The collection we are working with – roomtemps – looks like a simple collection of single, point-in-time documents, because that’s how we want to visualize our Time Series data in MongoDB, so it’s easy to work with in aggregation.

If we look at system.buckets.roomtemps collection we can see our compressed document.

Viewing the underlying data structure of a MongoDB Time Series Collection

There’s one difference – there’s a control section which holds minimum and maximum values for all the data fields. Why? Optimization! You don’t need to do anything when querying this data but MongoDB can use the min and max values to quickly find bits of the time series or values which are within ranges. And because many time series queries are “What happened over this range of time”, it really can optimize the queries.

Indexes and Time Series Collections.

With all this optimization, there’s still one thing that can be done to boost query performance on Time Series collections. Adding a secondary index on the metadata’s fields (and adding the timestamp) will give a strong index for retrieving by location:

Indexing MongoDB Time Series Collections

Aggregating with MongoDB Time Series Collections

The real power of Time Series comes when you need to aggregate the data. With the support for Time Series collections came a number of new aggregation stages built with this kind of data in mind. That doesn’t mean that these stages only work with Time Series collections, just that they work better with time series data. For example, we have written about the $setWindowFields stage in the Studio 3T Blog using normal collections. But it can enable some powerful time series aggregations.

$setWindowFields

The problem with aggregation is that, without stashing data in variables, it regards each document in isolation. That’s where the $setWindowFields comes in as it combines some of aggregation’s $group functionality with window functions.

{ 
    "partitionBy" : { location:"$location", day: { $dayOfYear: "$timestamp" } }, 
    "output" : { 
        "averaged" : { 
            "$avg" : "$temperature", 
            "window" : { 
                documents: [ "unbounded", "unbounded" ]
            }
        }
    }
}

The “partitionBy” section splits and groups the data up by our meta data and, in this case by the day of the year. The “output” section then defines what output should be added to every document, based on their partition. So our first field is an “averaged” field for the temperature. This will be the average for that partition. The “window” section says use the entire partition to work out the average, “unbounded”. The result of this stage is that every document gets the average temperature for its partition added to it.

Add on a $match:

{
     "$expr": { $lt: [ "$temperature", "$averaged" ] }    
}

And now the result of the aggregation is every incident when a location had a lower than average temperature for that day.
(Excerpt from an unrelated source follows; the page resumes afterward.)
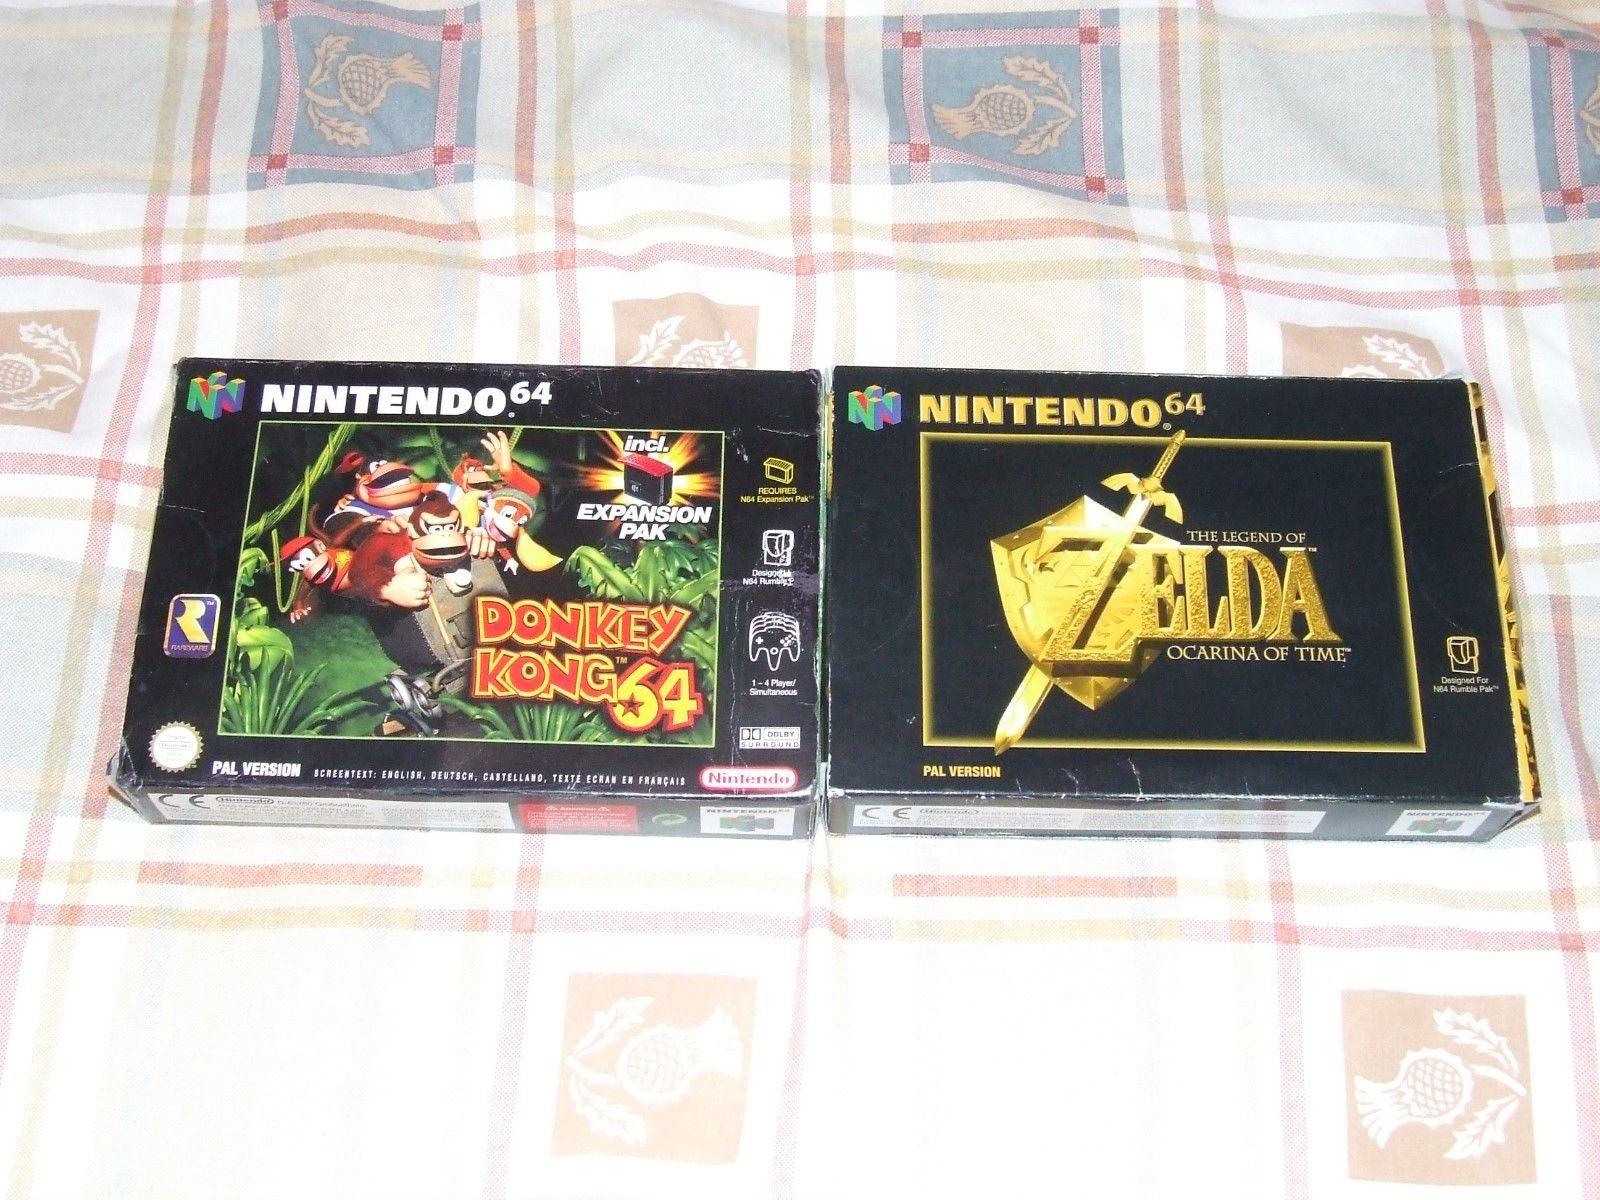 Zelda Ocarina of Time e Donkey Kong 64 asta

You can change that window to work with moving windows, adjusting the boundaries of the average calculation too. Or compare documents relative to each other. And if you want more than an average calculation, there’s a host of window operators including accumulators, ranking, ordering, and gap-filling.
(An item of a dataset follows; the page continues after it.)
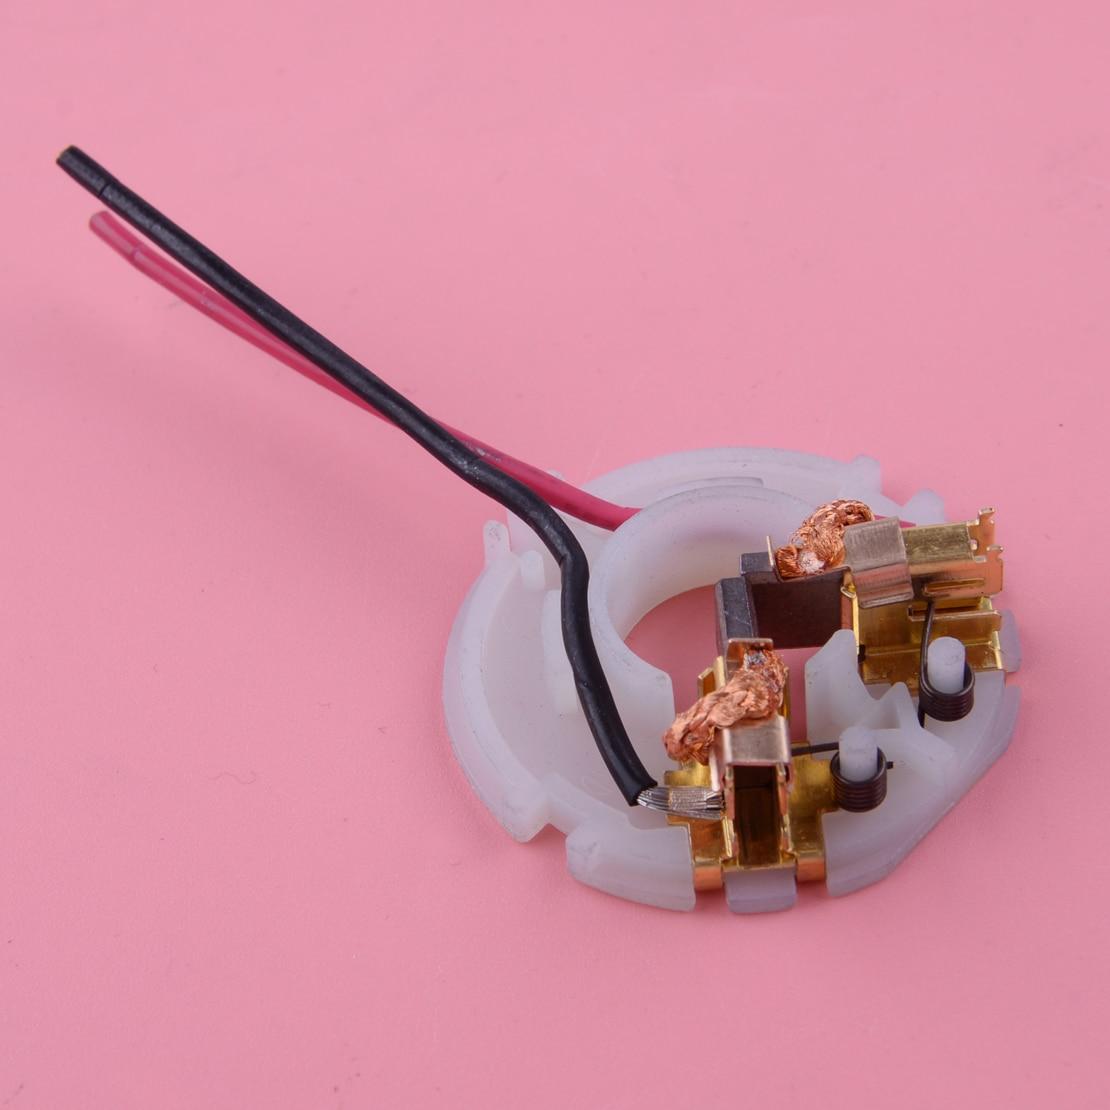 LETAOSK Armature Brush Holder Carbon Brushes Fit For Makita DF458D BHP448 BDF458 BDF448 DF444D CB-440 638991-1 638614-1 CB-440

Of course, you can use any aggregation you want with a Time Series collection. We’re just mentioning $setWindowFields as it’s almost custom-made for Time Series data analysis.

End of Time Series

This is just a quick introduction to Time Series collections. You should now understand why you would use them (to reduce storage needs and optimize for time) and that there are MongoDB aggregations that will let you leverage your ability to efficiently store Time Series data. From version 2022.9, Studio 3T will let you create Time Series collections. A final note though, there are limitations on MongoDB Time Series collections which you should note as they are implicit to how they are implemented.